Down that road over there you’ll find Charybdis playground. You know, for the kids. Don’t know where they got the name, but it’s got something to do with Scylla Point, which is right across the water. (Silla—I think that’s how you pronounce it.)

Hm? Is there a pool? Yeah, wait ‘till you see this thing. Follow me. Designed by Robert Moses, used for the 1936 and 1964 Summer Olympics. It’s great for cooling off. The diving boards were closed off after a little accident, but don’t worry; it’ll be fixed up.

Anyway, this place has got everything you need. It’s pretty quiet, even for New York. And talk about location! You’ve got the N train over here, the 7 train over there. Don’t forget about the bridges along the river. We’re passing under the Hell Gate now, but take a look at the Triboro. Ain’t she something? Good luck finding parking in the city, though.
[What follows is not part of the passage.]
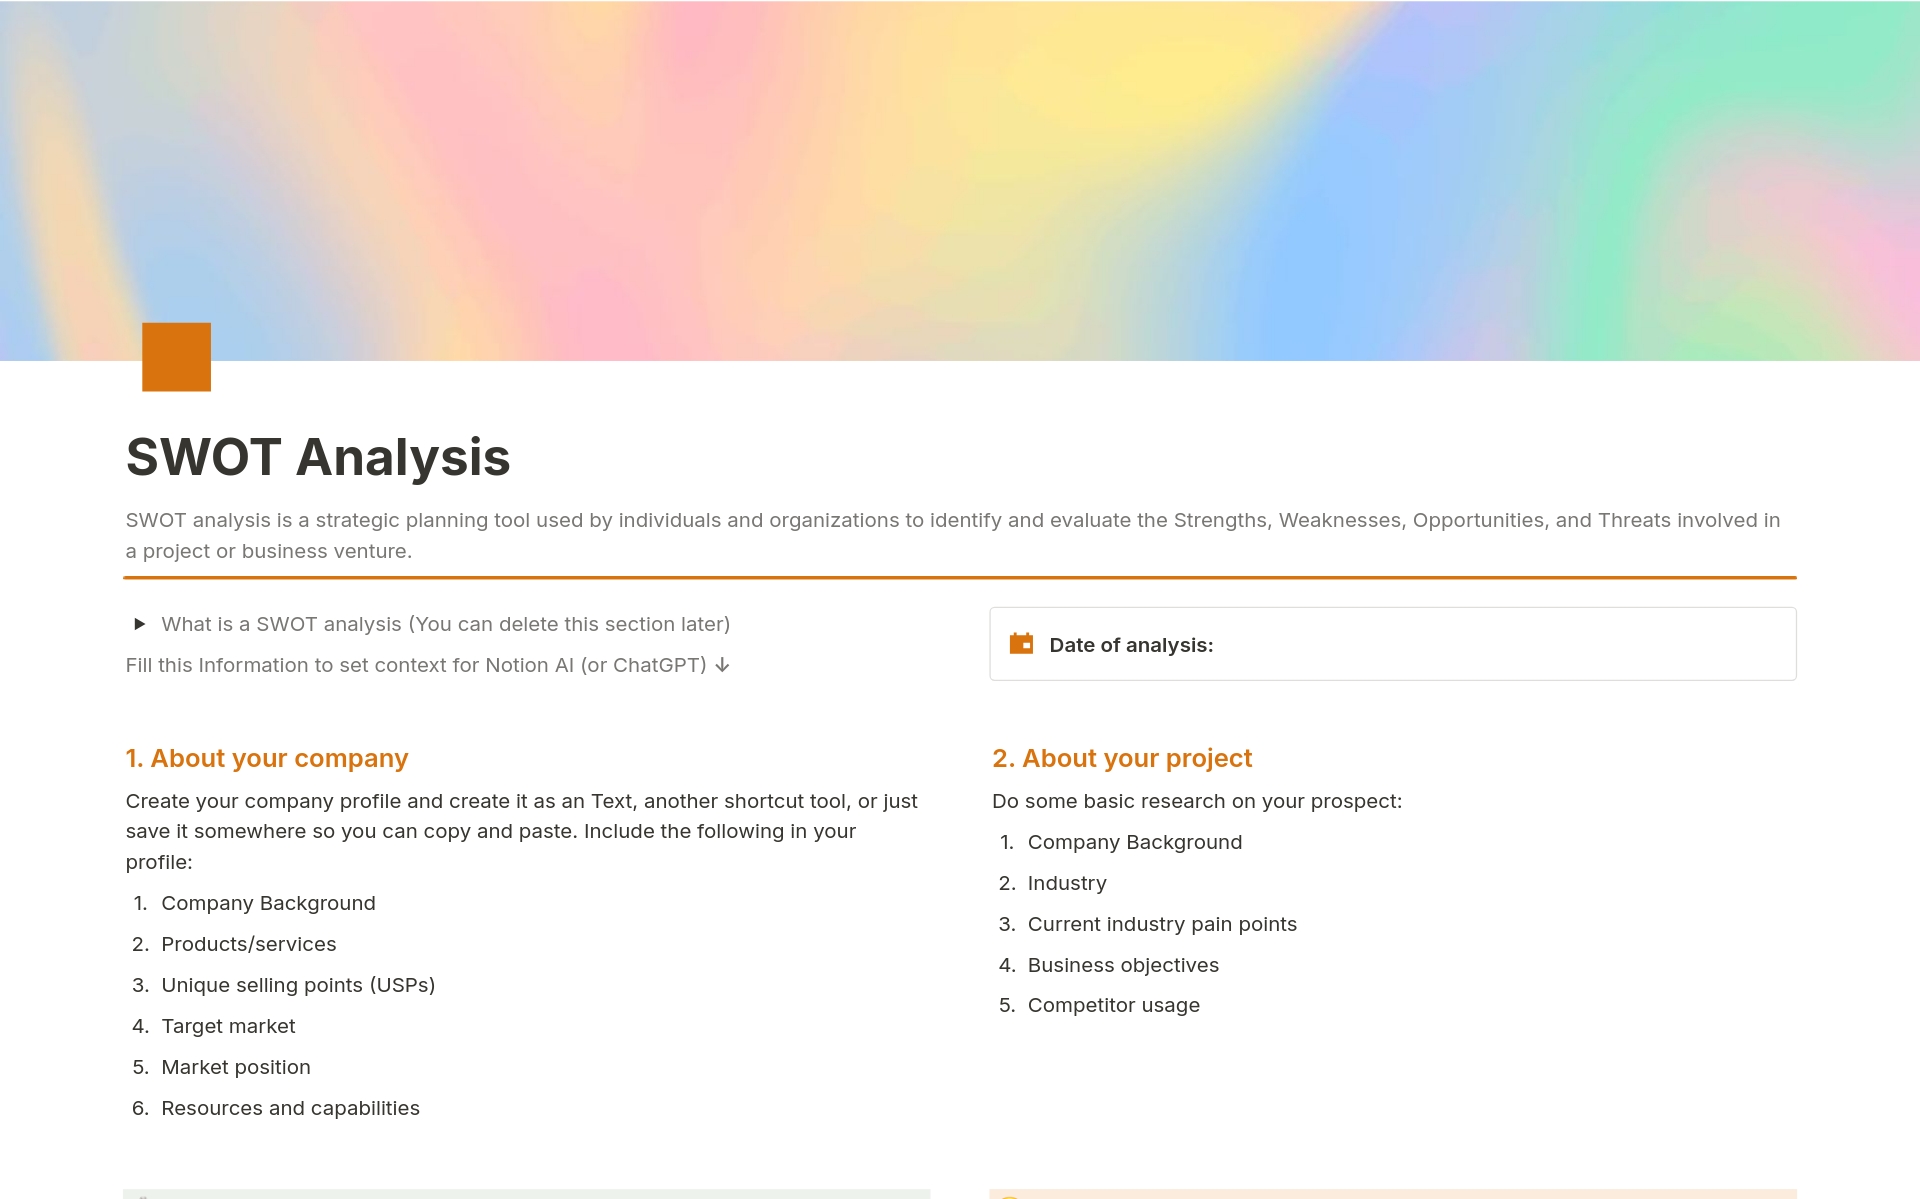 An AI-powered Notion template for SWOT analysis that uses intelligent suggestions to take users through an in-depth assessment of their strengths, weaknesses, opportunities, and threats.

Any questions?

***

I’ll take it.
Actually, I’ll take it over any other place.
Because it’s home.

Alright, my house is a few blocks east of here. Still, every time I visit, I’m not at ease until I see those bridges. It’s not even the memories. I’ve got plenty of those all over this place. To be honest, I don’t really know what it is. But it starts in Astoria Park.

The two bridges, permanently outstretched, invite you to the heart of the city no matter where you are in Astoria. They guide you around Charybdis playground and past Scylla Point. Once you pass the Hell Gate’s purple arch, it’s all green. The bridges wrap around you and the trees close the circle. The path then opens onto the lawn, a sloping hill that kneels to New York City from across the East River.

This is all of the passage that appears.